Objectives To investigate if there is evidence on effectiveness of progressive resistance training in rehabilitation of Parkinson disease.
Design Systematic review and meta-analysis. Data sources: Central, Medline, Embase, Cinahl, Web of Science, Pedro until May 2014. Randomised controlled or controlled clinical trials. The methodological quality of studies was assessed according to the Cochrane Collaboration's domain-based evaluation framework.

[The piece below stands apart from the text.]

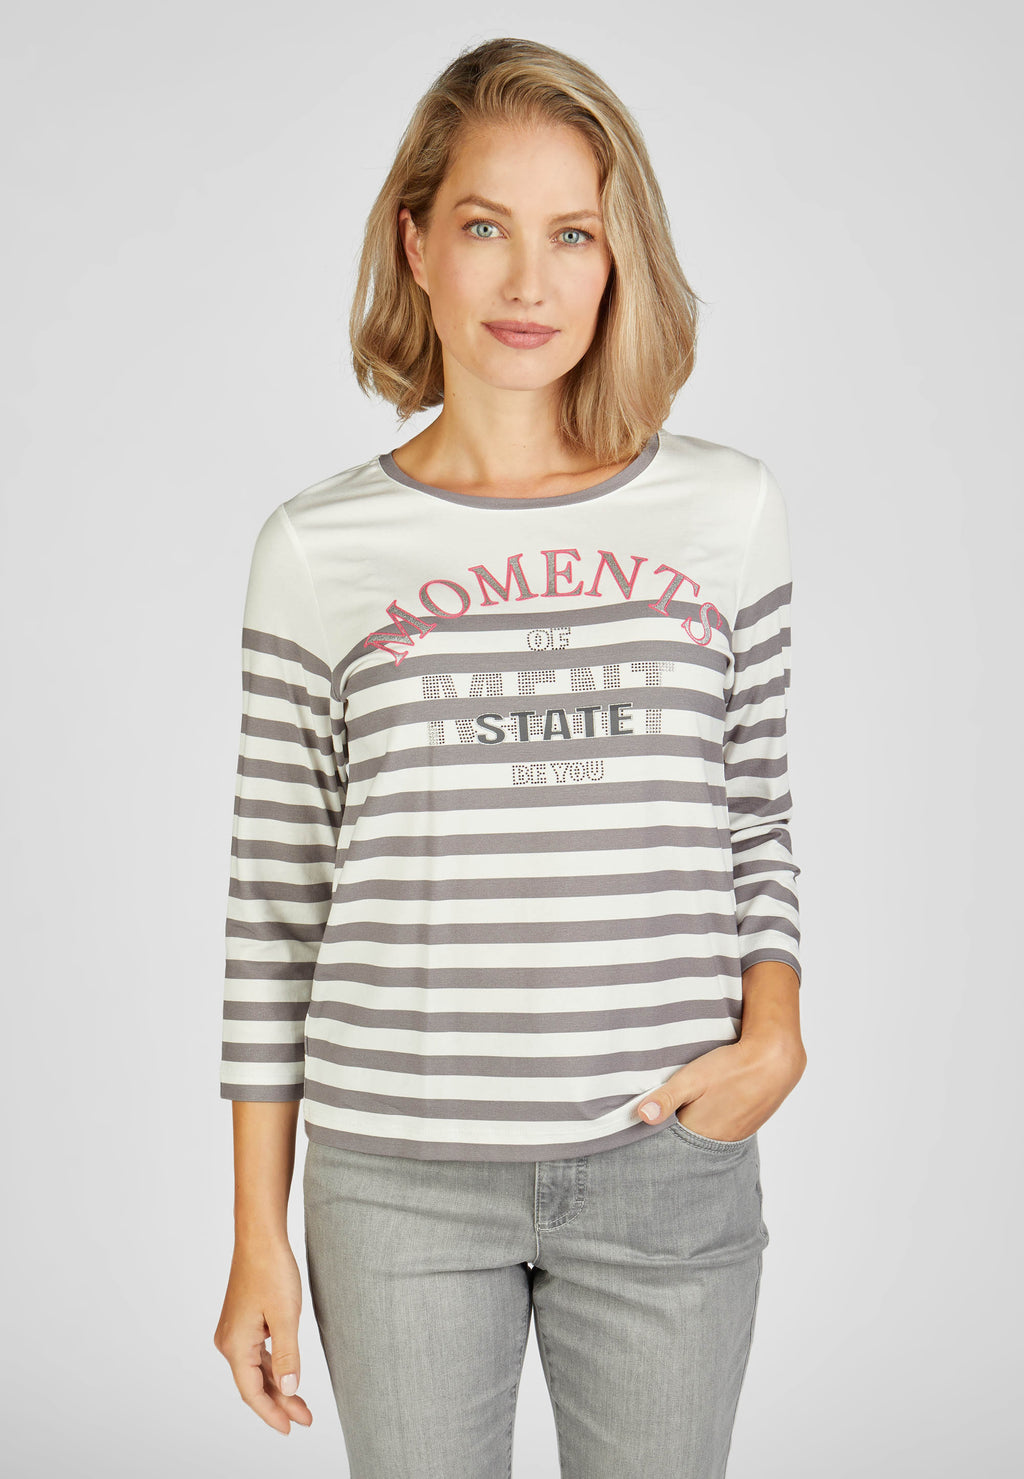 Rabe magnolia park collection striped top in grey and white, product code 52-113355

Data synthesis: random effects meta-analysis with test for heterogeneity using the I² and pooled estimate as the raw mean difference.
Participants Adults with primary/idiopathic Parkinson's disease of any severity, excluding other concurrent neurological condition.

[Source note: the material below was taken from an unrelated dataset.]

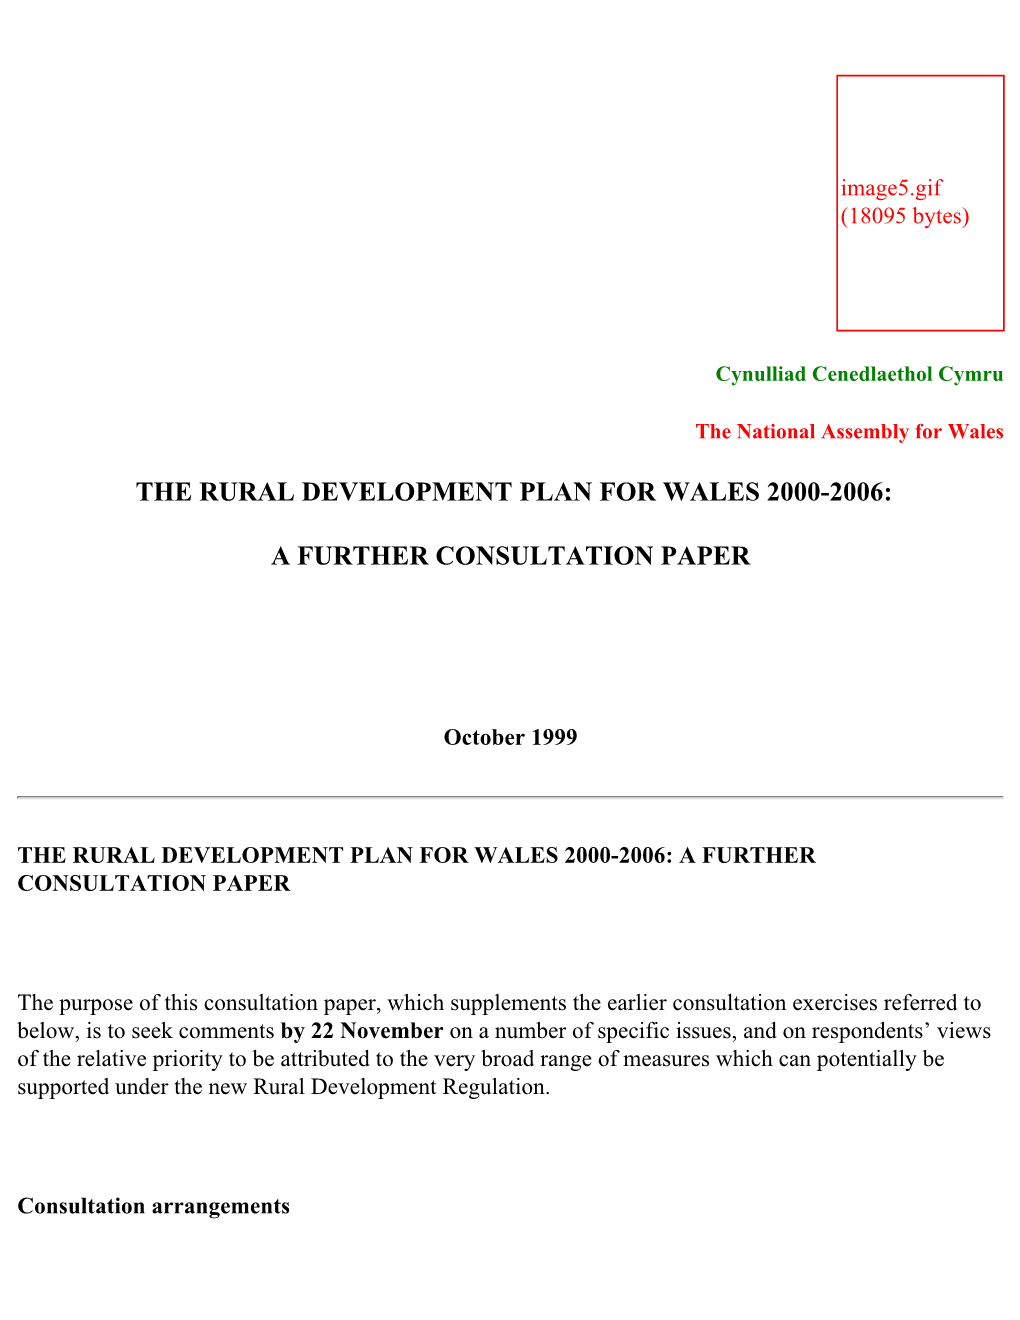 The Rural Development Plan for Wales 2000-2006

Interventions Progressive resistance training defined as training consisting of a small number of repetitions until fatigue, allowing sufficient rest between exercises for recovery, and increasing the resistance as the ability to generate force improves.
Comparison Progressive resistance training versus no treatment, placebo or other treatment in randomised controlled or controlled clinical trials.

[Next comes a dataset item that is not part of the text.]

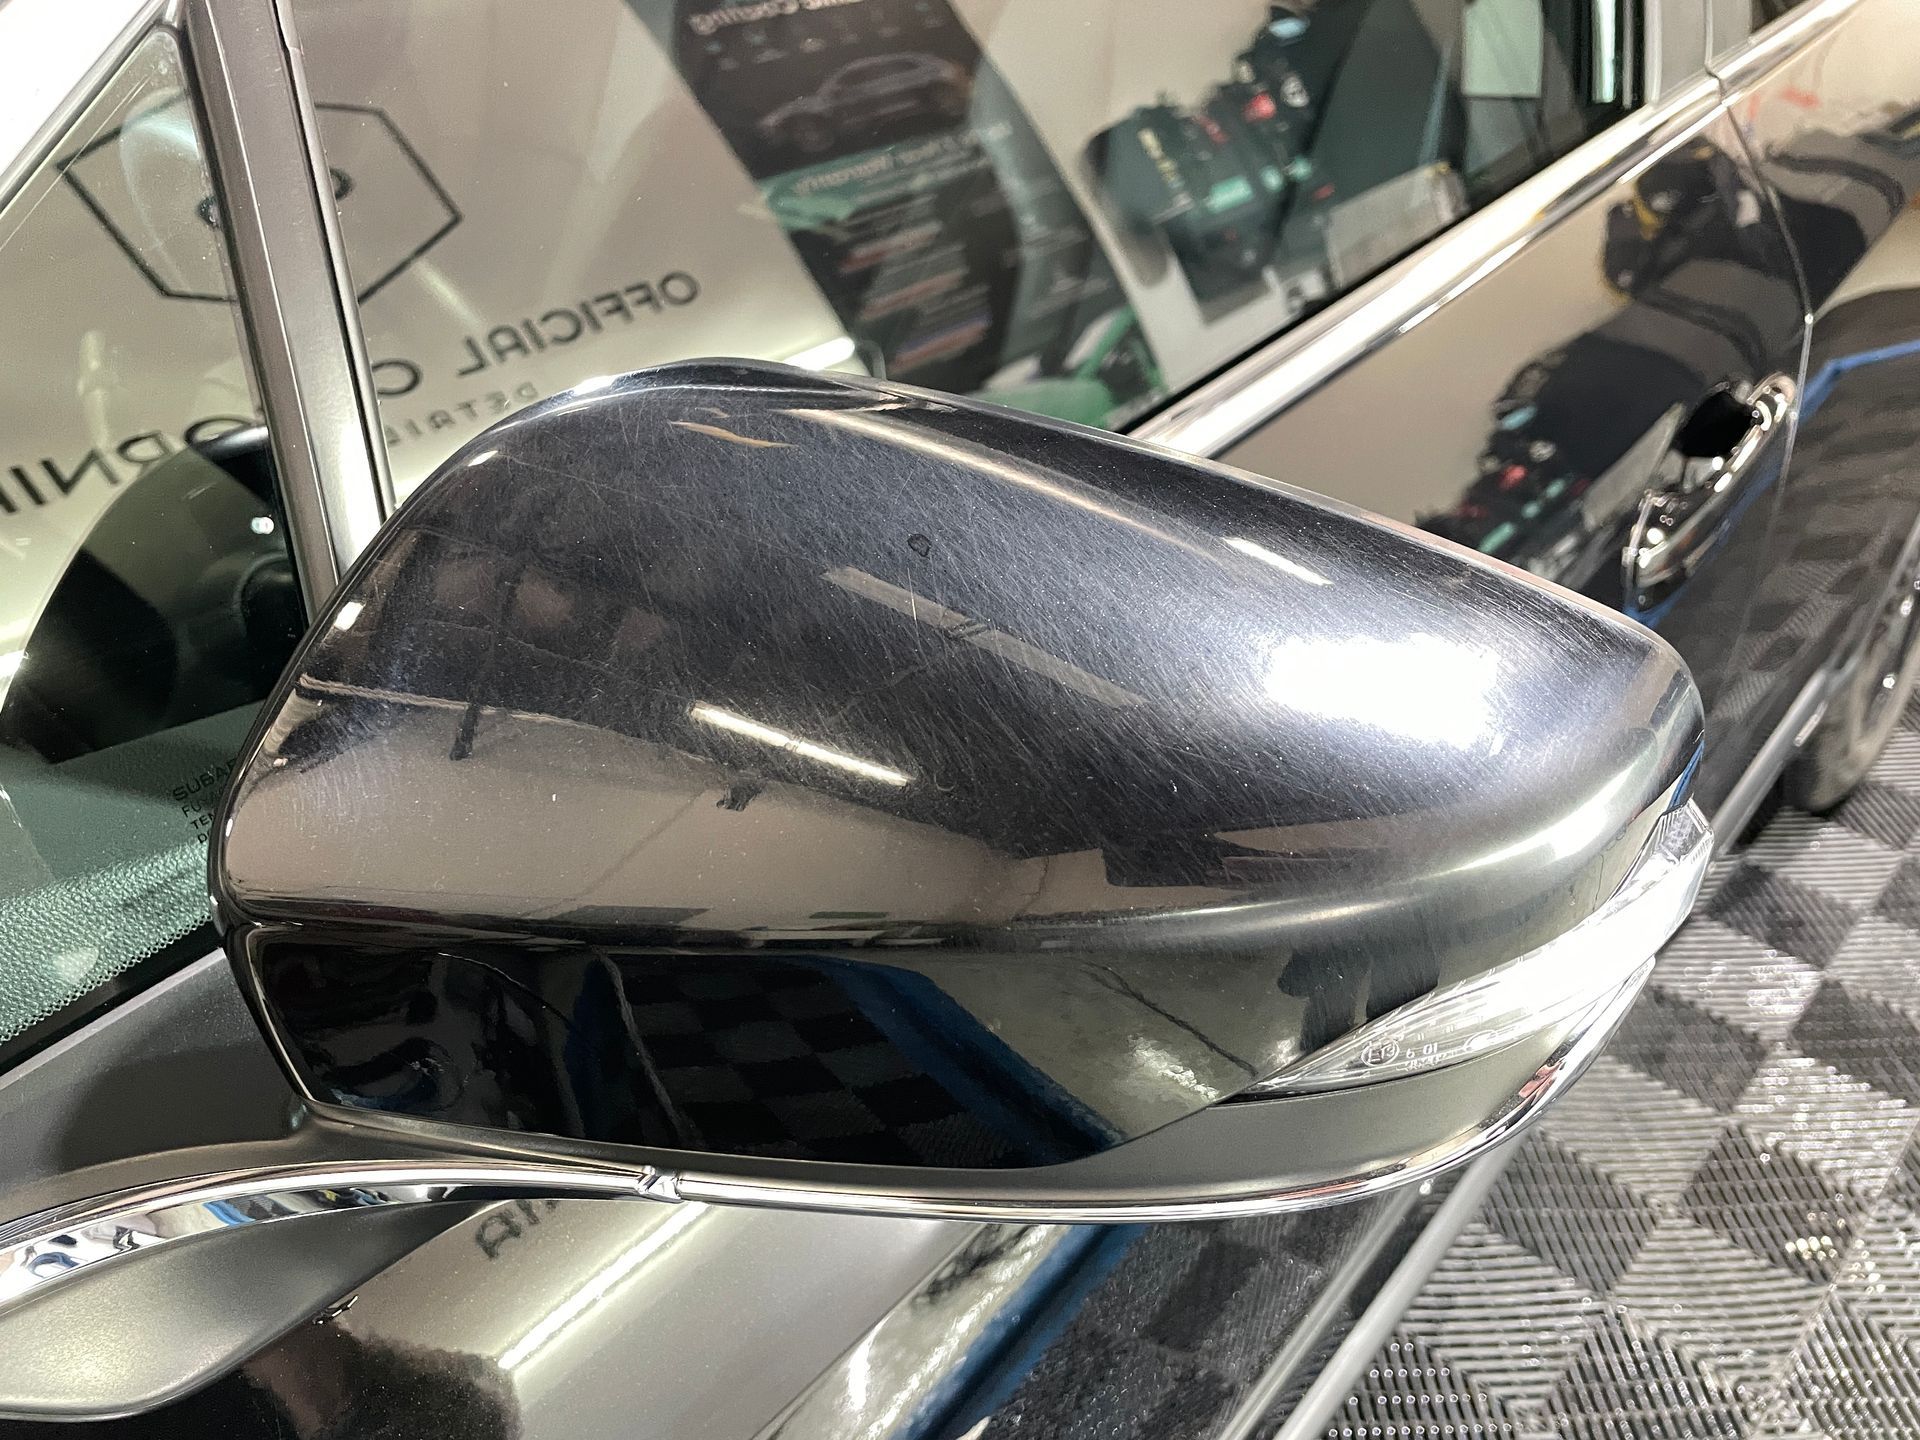 A close up of a side view mirror on a car.

Primary and secondary outcome measures Any outcome.
Results Of 516 records, 12 were considered relevant. Nine of them had low risk of bias. All studies were randomised controlled trials conducted on small samples with none or 1 month follow-up after the end of intervention. Of them, six were included in quantitative analysis. Pooled effect sizes of meta-analyses on fast and comfortable walking speed, the 6 min walking test, Timed Up and Go test and maximal oxygen consumption were below the level of minimal clinical significance.
Conclusions There is so far no evidence on the superiority of progressive resistance training compared with other physical training to support the use of this technique in rehabilitation of Parkinson's disease.
Systematic review registration number PROSPERO 2014:CRD42014009844.